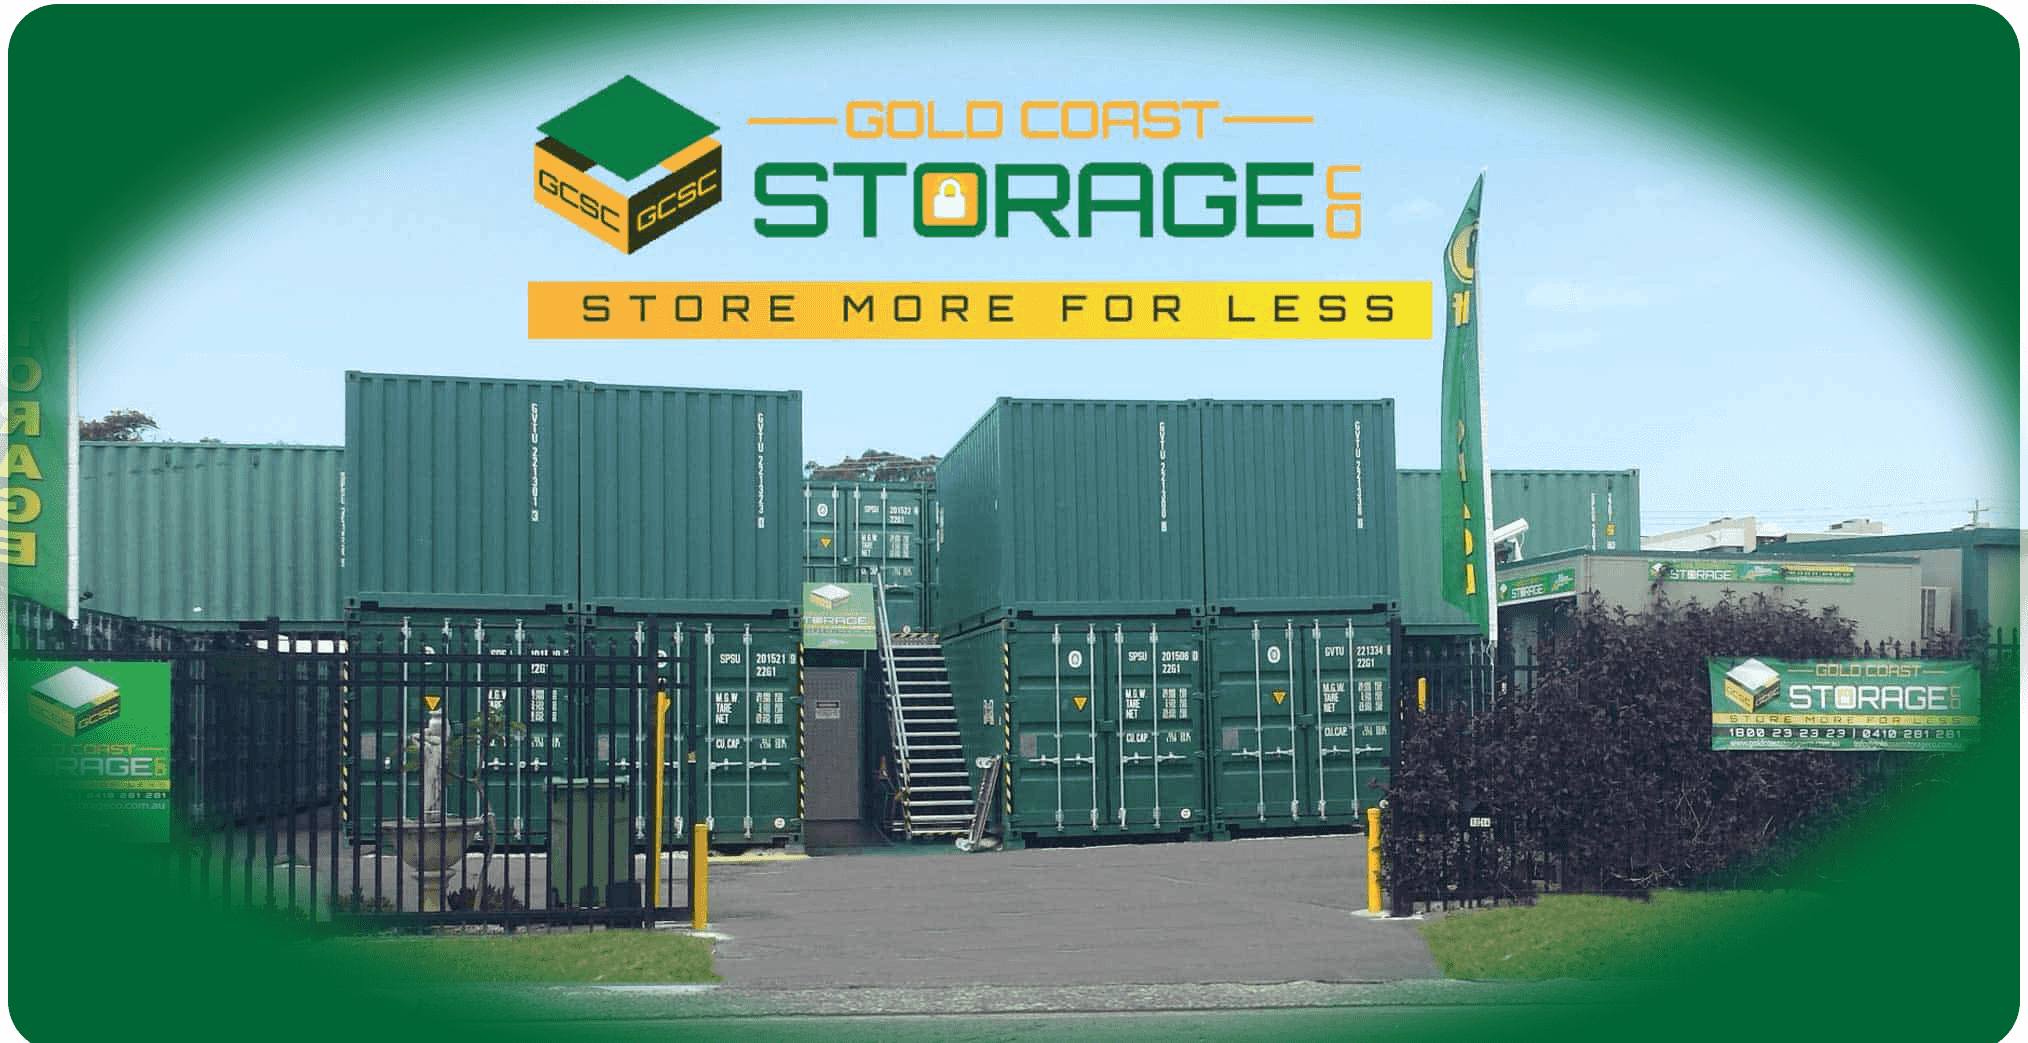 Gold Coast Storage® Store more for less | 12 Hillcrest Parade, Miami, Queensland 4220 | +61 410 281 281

* * *

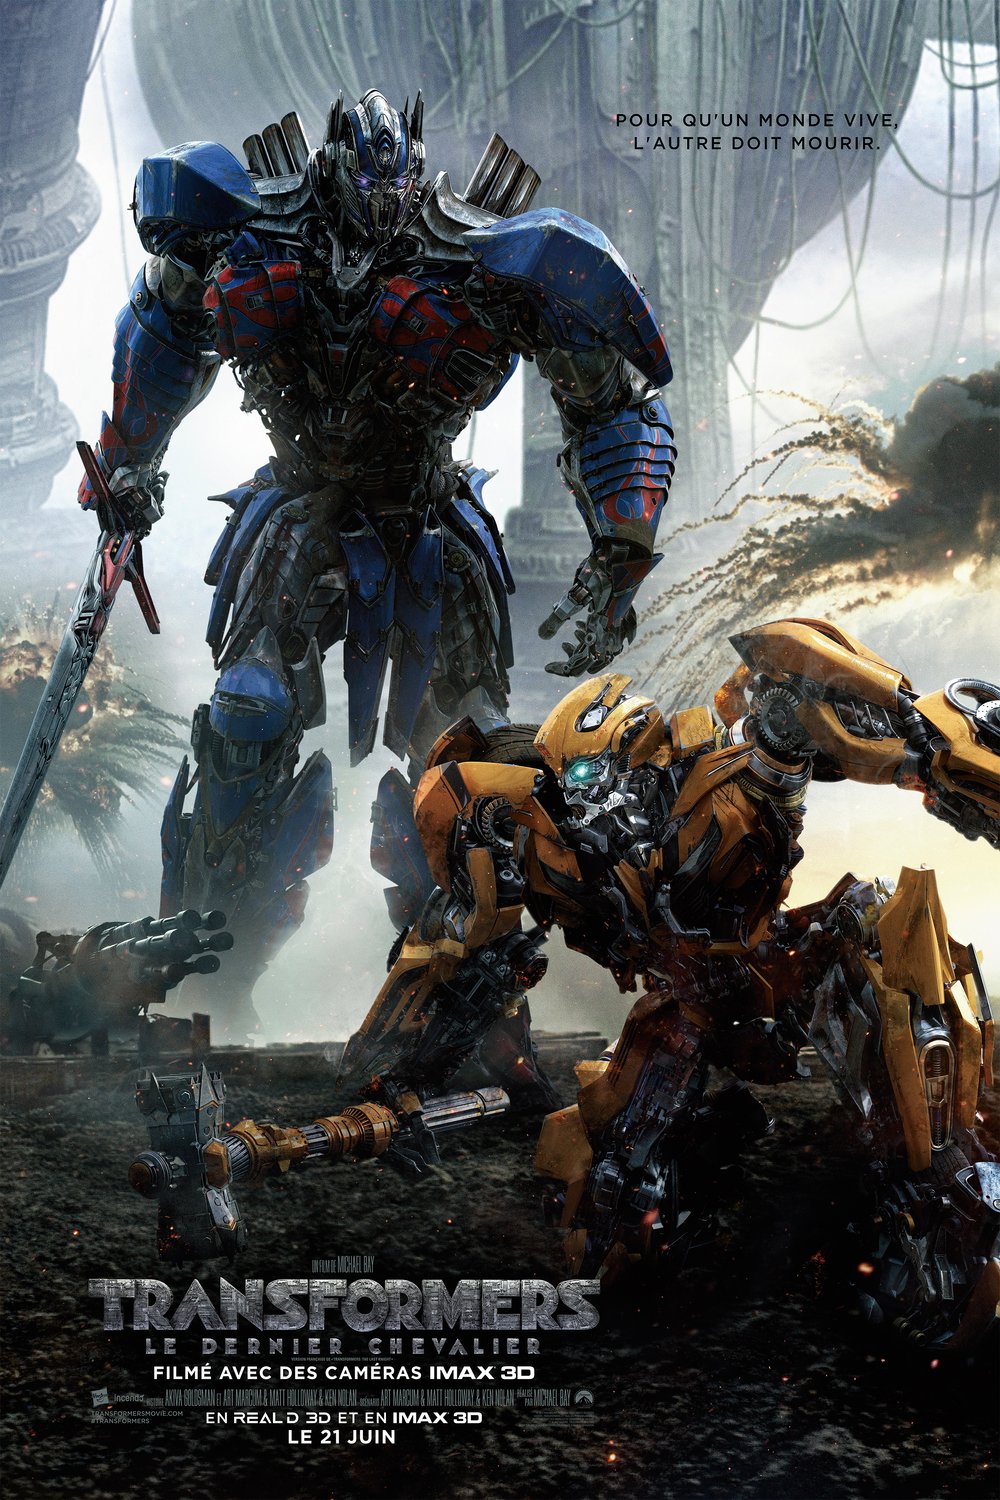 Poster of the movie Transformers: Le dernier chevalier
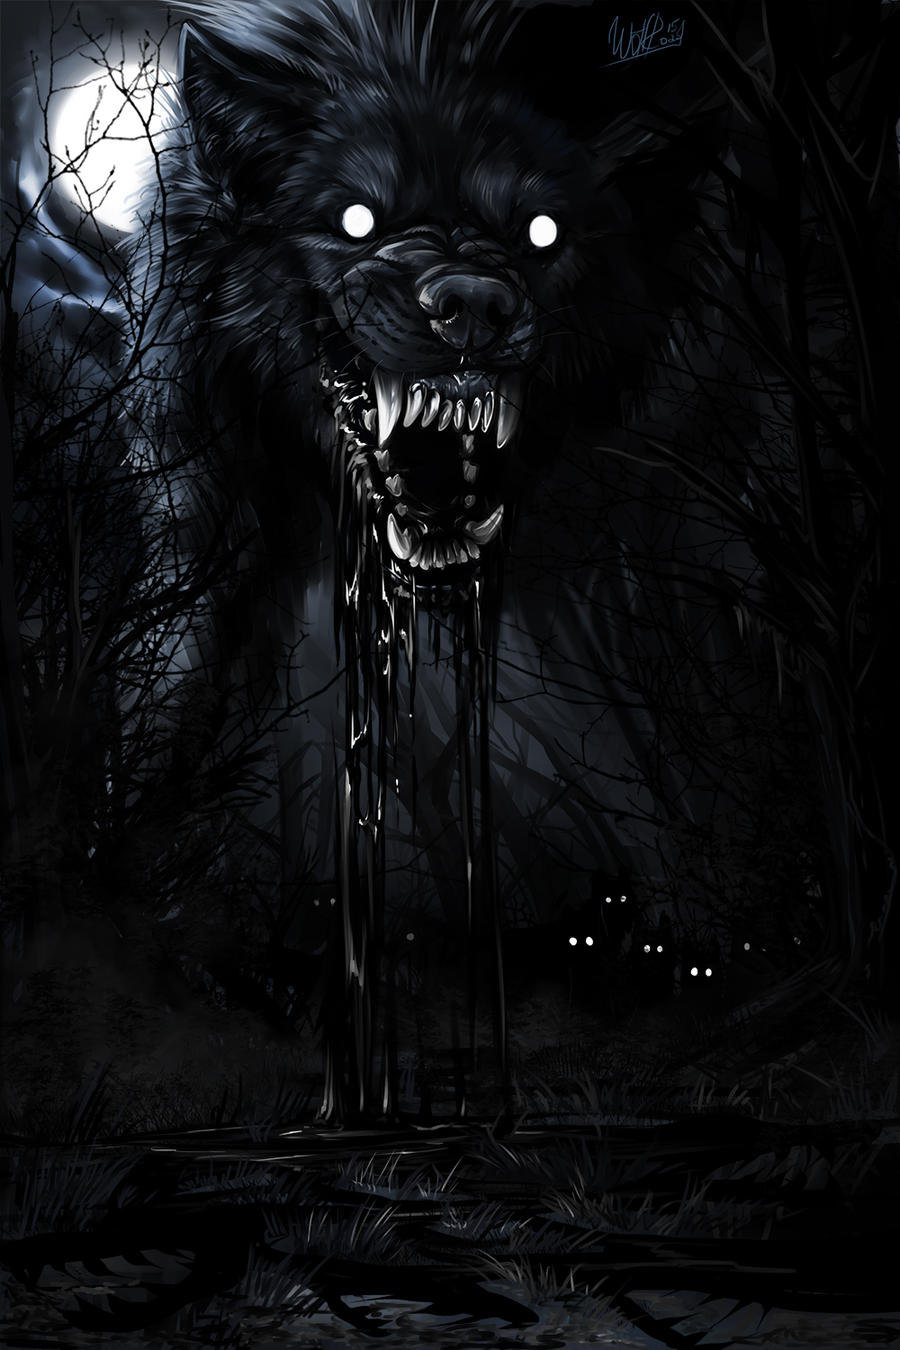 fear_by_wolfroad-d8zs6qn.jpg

---

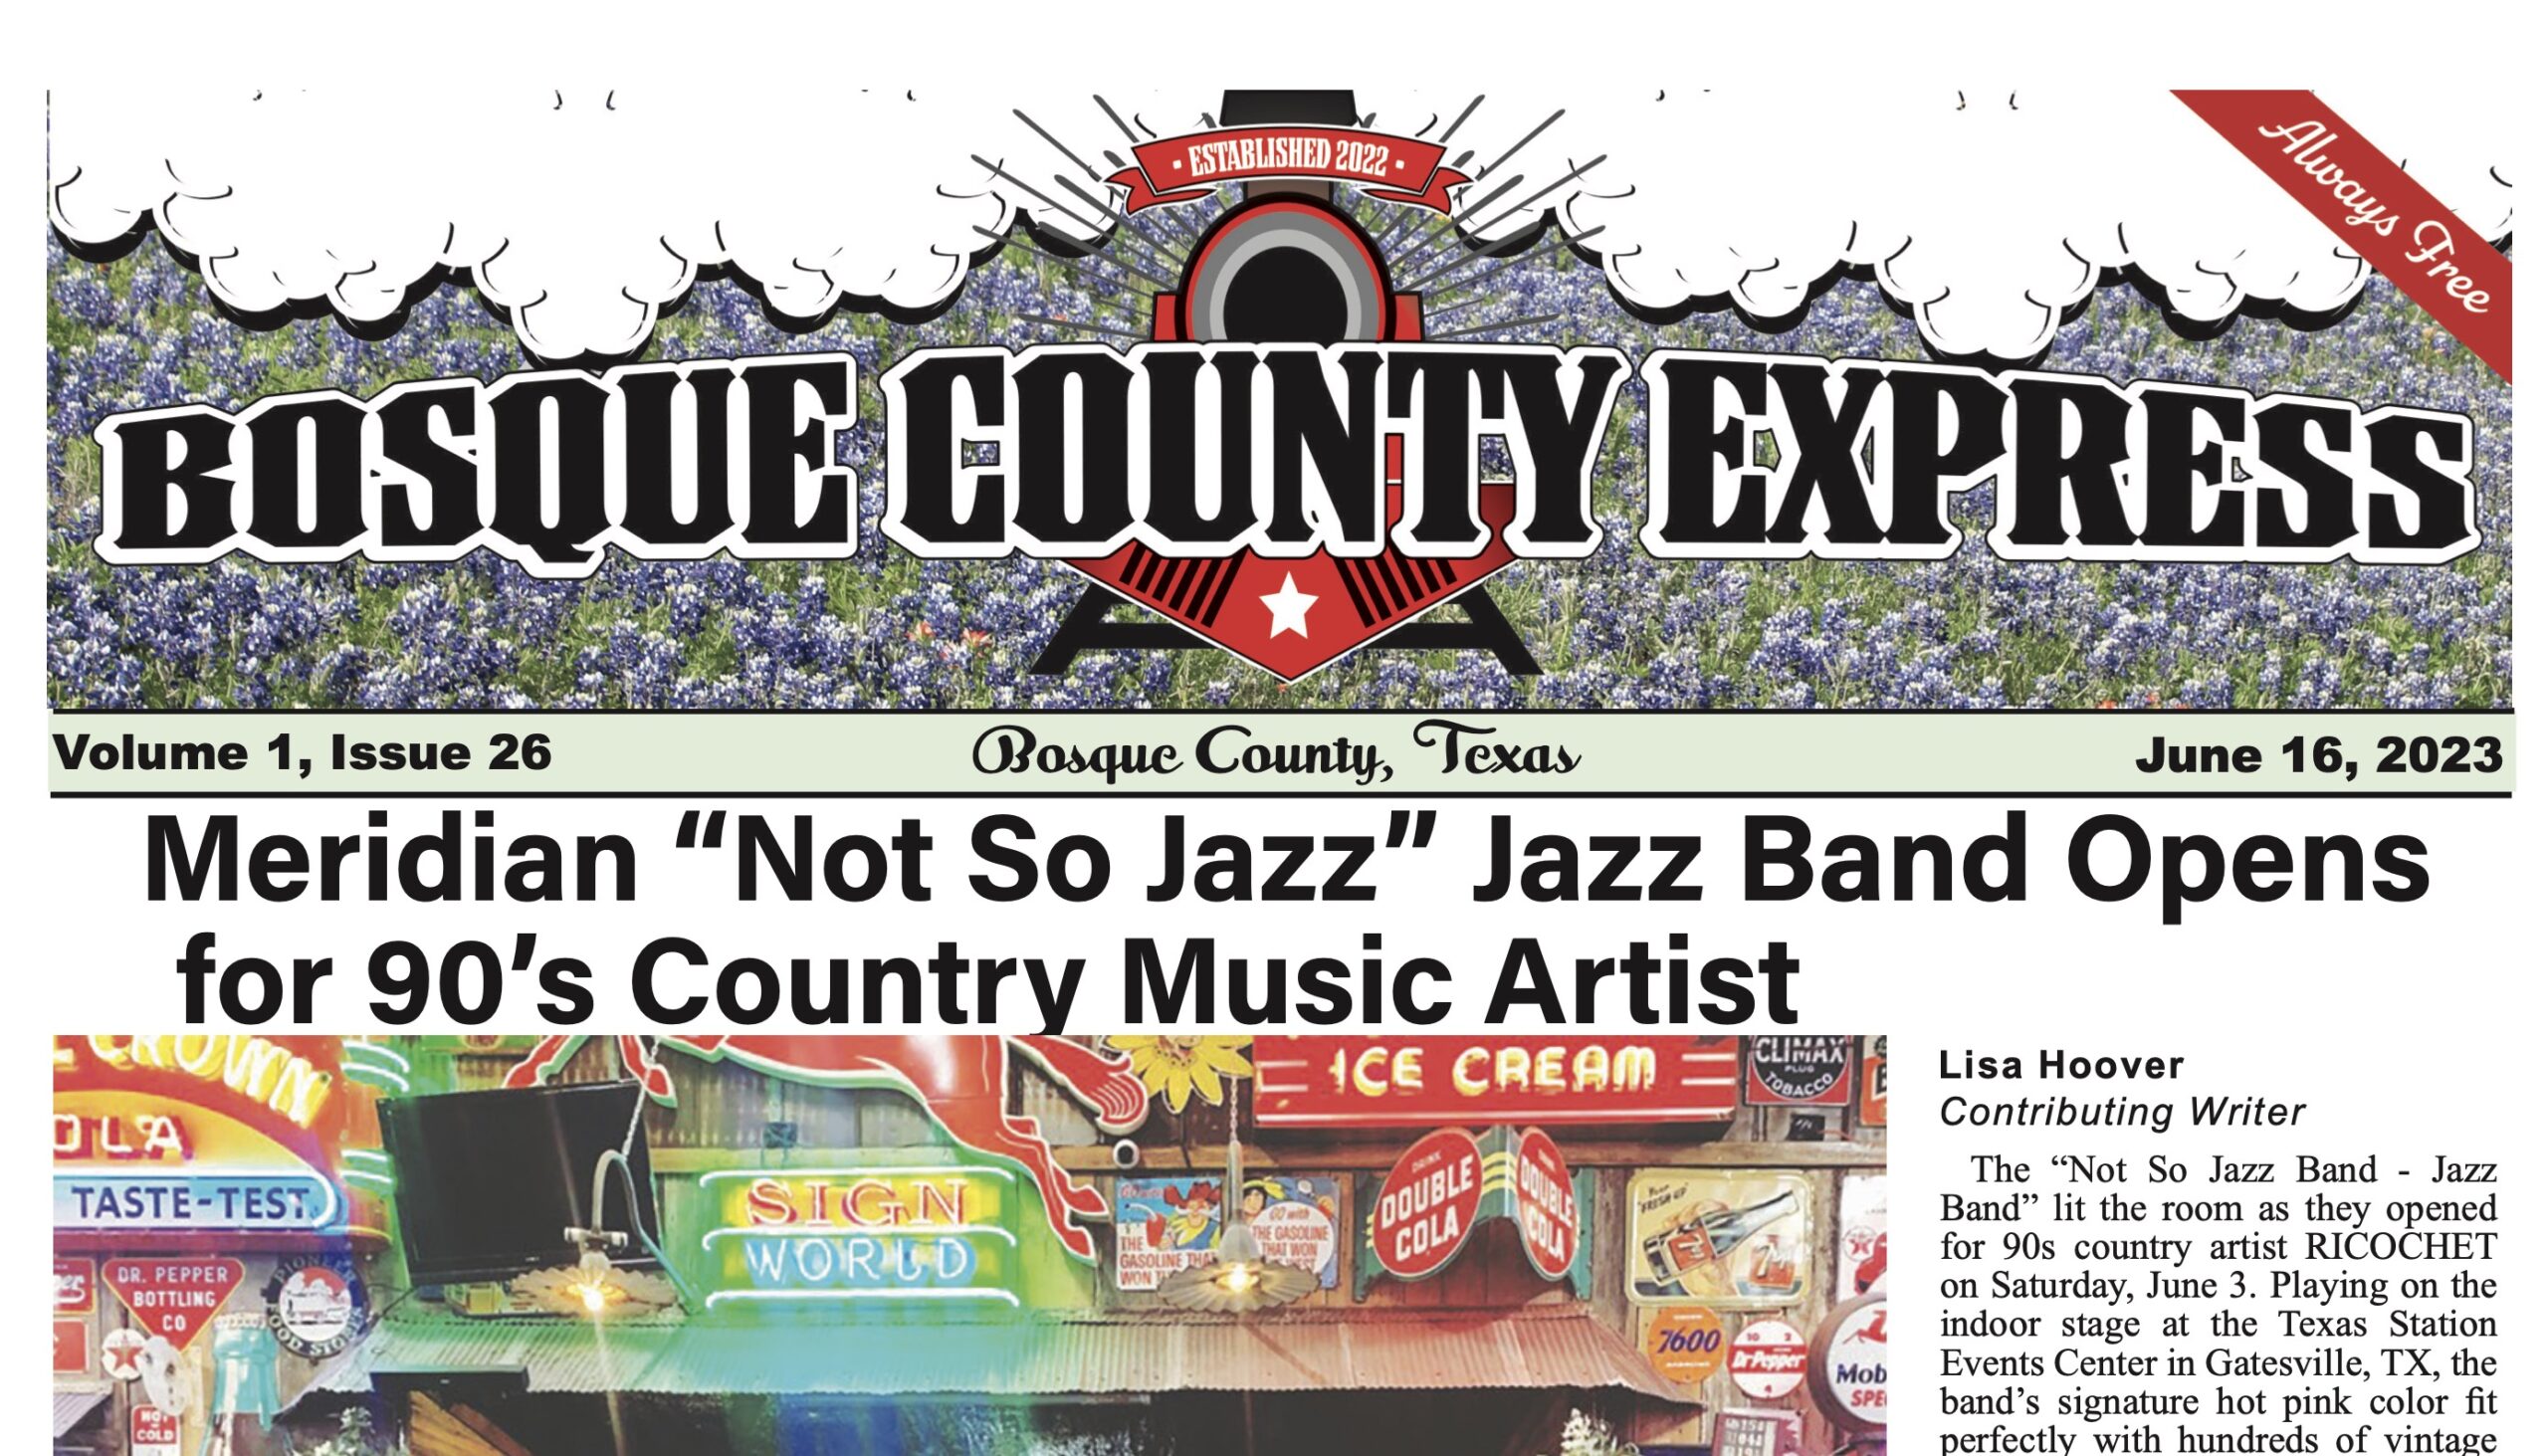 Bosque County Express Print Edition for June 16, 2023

[What needs to be done] What lines above run from the one with "Poster of the" to the one with "fear_by_wolfroad-d8zs6qn.jpg"? Give them again exactly, ends included, and leave the pictures out.

[Task answer]
 Poster of the movie Transformers: Le dernier chevalier
 fear_by_wolfroad-d8zs6qn.jpg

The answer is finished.